The Emfasys memory godbox – it is really a memory cluster – machine can stripe data across all of those memory nodes for both reading and writing.
“We basically built a conventional cloud storage target with a ton of memory, with dozens of ports into this chip, and then stripe the transactions across all the memory,” Sankar tells The Next Platform. “Why did people say CXL is not useful for AI? Because they were looking at the bandwidth into one CXL port. But if you had a very fat, wide memory controller that could write across everything, so your data is striped as wide as you want – and by the way, that’s across one write from a one initiator doing it across if you had an application where this is effectively networked as one node – and you could use all the ports to actually break up your write across them. Now you can use the entire bandwidth across multiple links for your write. You can get as much memory bandwidth as you want through that, or throughput, I should say, so. Taking 100 gigabyte file can be a very low transfer time, depending on how many wires you use and how many memory channels you attach.”
The Emfasys box can support 18 parallel memory channels today, but is going to 28 channels next year. (It is not clear if that is an upgrade of the number of ACF-S SuperNICs in the box or a change in the ACF-S silicon.)
Here is a more detailed block diagram that shows how the KV cache setup is wired together:
This shows four GPU servers linked to a single memory godbox, but obviously it can scale larger than that.
Sankar is not providing pricing on the Emfasys memory godbox, but says that CXL memory does not have much of a premium over fat DDR5 memory. The main thing is that the Emfasys memory box can be linked to any GPU or XPU host through PCI-Express MCIO links and then it all looks like extended memory hanging off the GPU host server, just like Grace does in a Grace-Hopper or Grace-Blackwell complex.
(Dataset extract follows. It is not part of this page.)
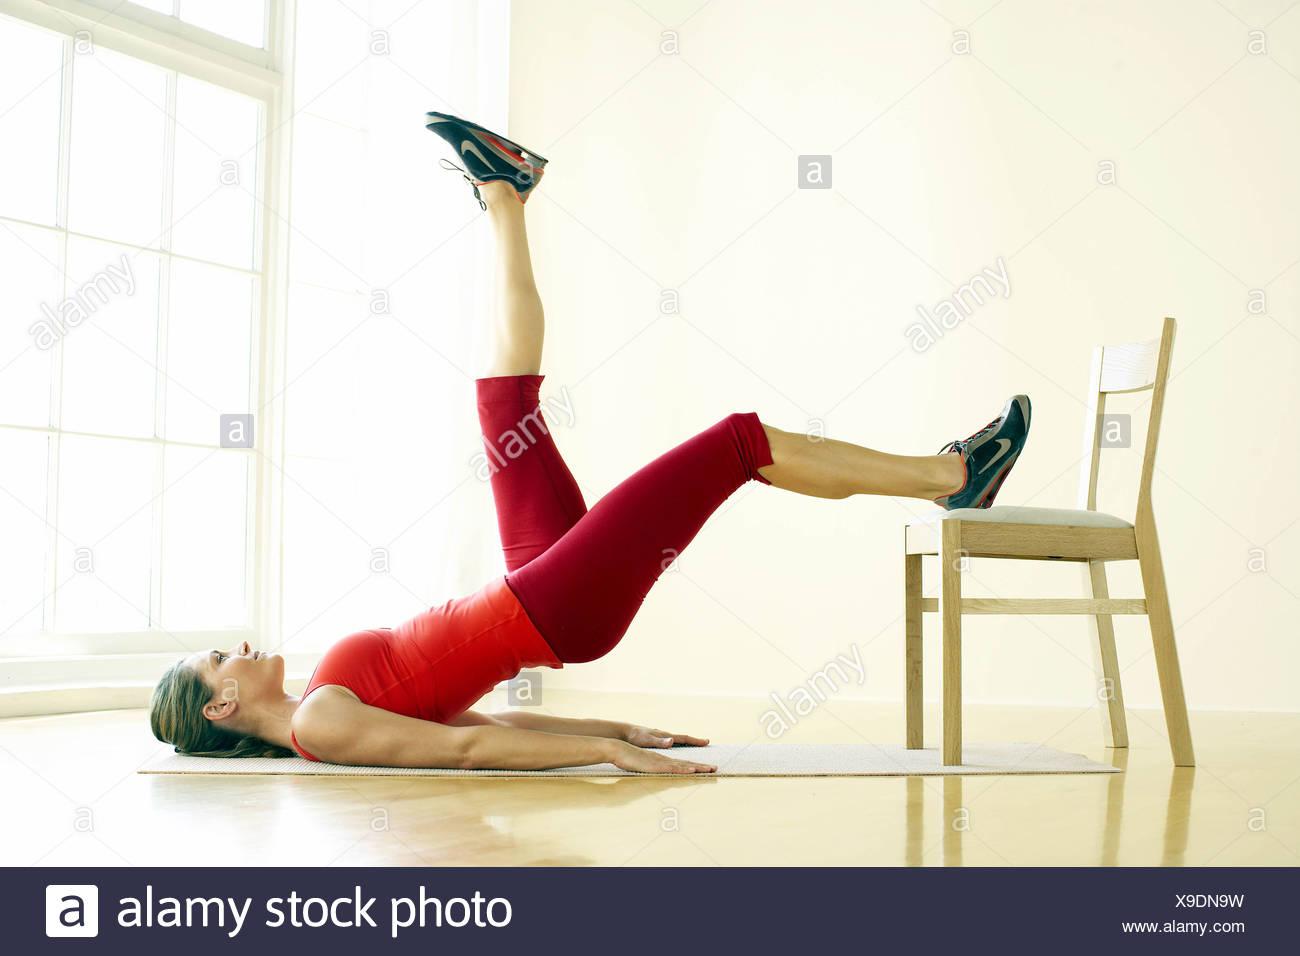 Weibchen Tragen Rote Weste Und Knie Länge Trainingshose Durchführung

When pressed for some kind of price/performance benefit, Sankar said that adding a rack of Emfasys machines to a quad of Nvidia GB200 NVL72 rackscale systems would cut the cost per token on AI inference in half. Considering that memory servers are not going to be cheap, that tells you how under-utilized the GPUs must be because of their memory capacity limits. To cut the cost of tokens in half by adding what might be millions of dollars of memory servers to a quad of Nvidia rackscale machines means that the GPUs have to more than double their throughput by adding this memory.
That will, no doubt, raise a whole lot of eyebrows and get more than a few hyperscalers and cloud builders picking up the phone.